A mais pura verdade.
Etna Braz Gulart, depois Etna Gulart Prévidi.
Teve uma história maravilhosa.
Nasceu em Melo, no Uruguai e se criou até os 15 anos em Jaguarão, fronteira com o Uruguai. Aí a sua mãe, Adylles, decidiu morar no Rio de Janeiro. Adylles, Etna e Juca (José Antônio Braz Goulart), um dos irmãos, embarcaram num vapor para o sonho de minha avó. Foram viver, por um tempo, na casa da Tia Sinhá, uma prima da Adylles.
Juca, por detalhe, não foi para a Segunda Guerra Mundial; Etna estudava e trabalhava no Iate Clube, na Urca. Praticamente não saía na rua, porque era loira e a paranoia era grande.
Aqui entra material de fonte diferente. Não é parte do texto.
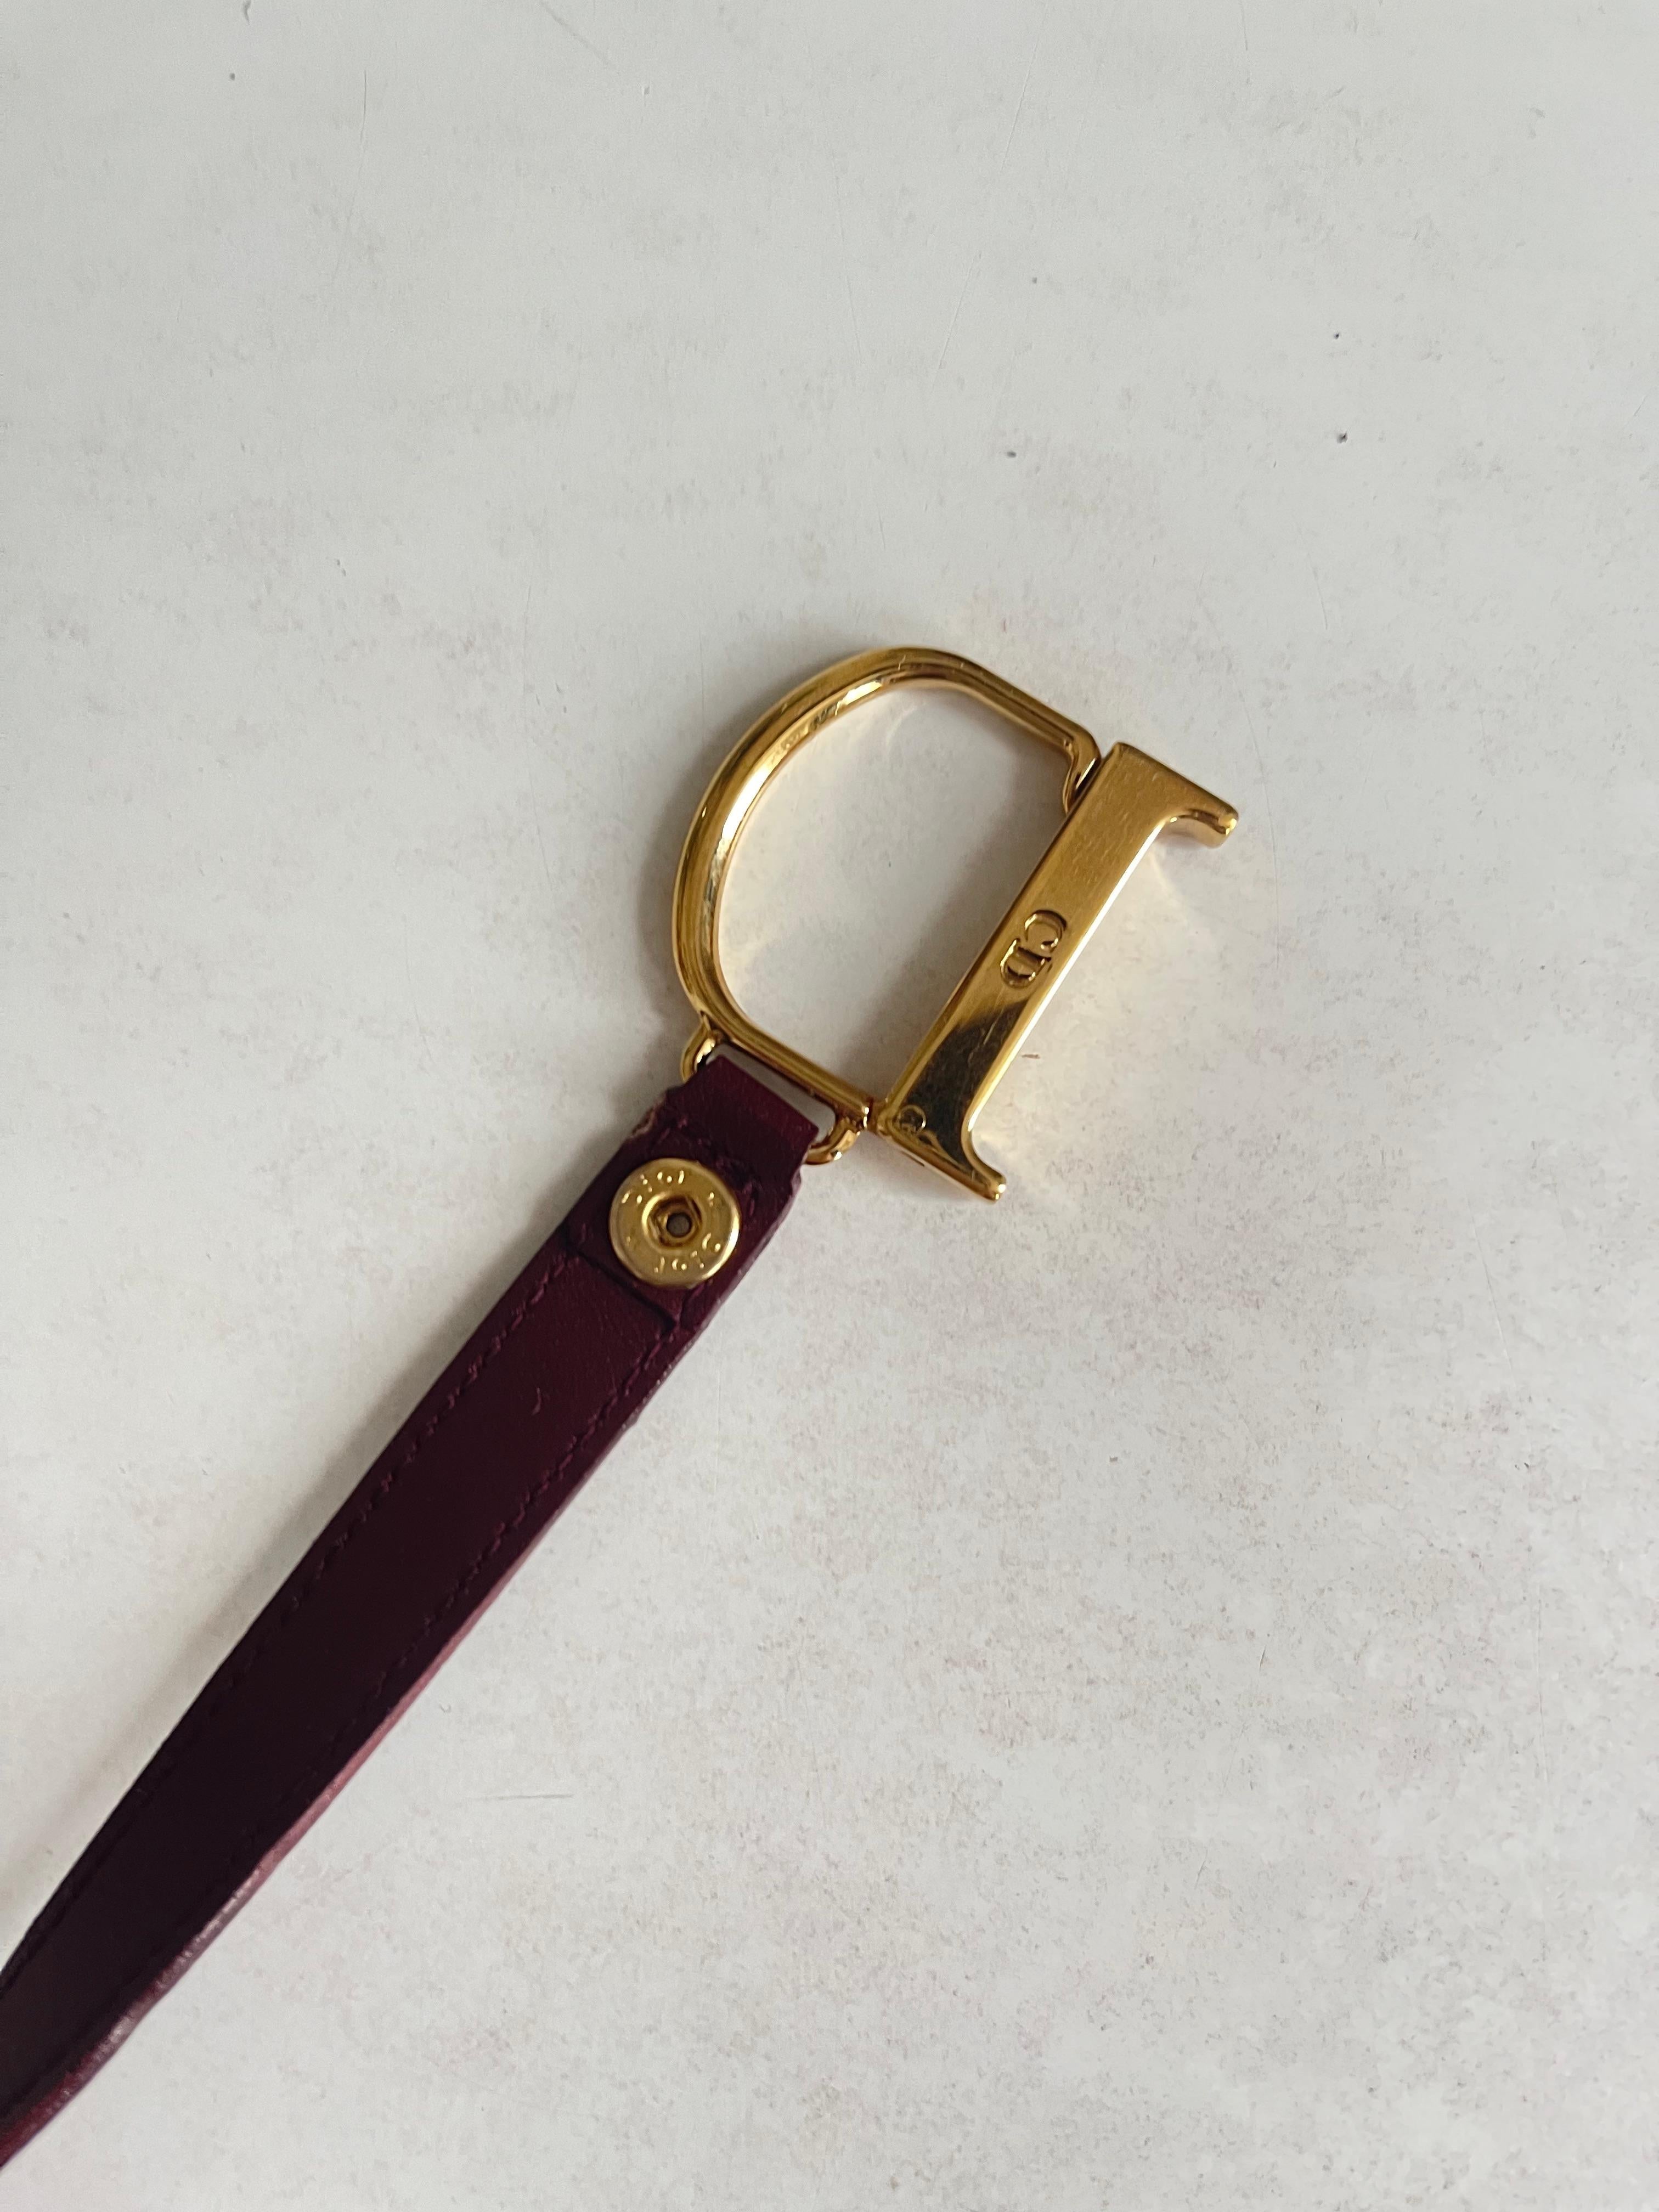 Plongez dans l'univers du créateur visionnaire de Dior, John Galliano, grâce à ce superbe porte-monnaie Saddle de la collection emblématique de 2002. 

Conçu pour captiver et inspirer, cet accessoire compact incarne l'esprit audacieux et

Ela contava que recebeu várias cusparadas porque achavam que era alemã.
Nesse meio tempo conheceu o Waldemar, que na época era Waldemar Luiz Eberle Previdi – mais tarde, abreviou para Waldemar Previdi. Casaram-se logo depois que a guerra terminou. Um sufoco, porque não havia imóveis para vender e alugar. Foram morar numa casa alugada em Santa Teresa, onde meu irmão Paulo Cesar nasceu.
Mudaram-se para a Urca, onde nasci.
Mas tarde, já no início da década de 60, fomos para a rua das Laranjeiras.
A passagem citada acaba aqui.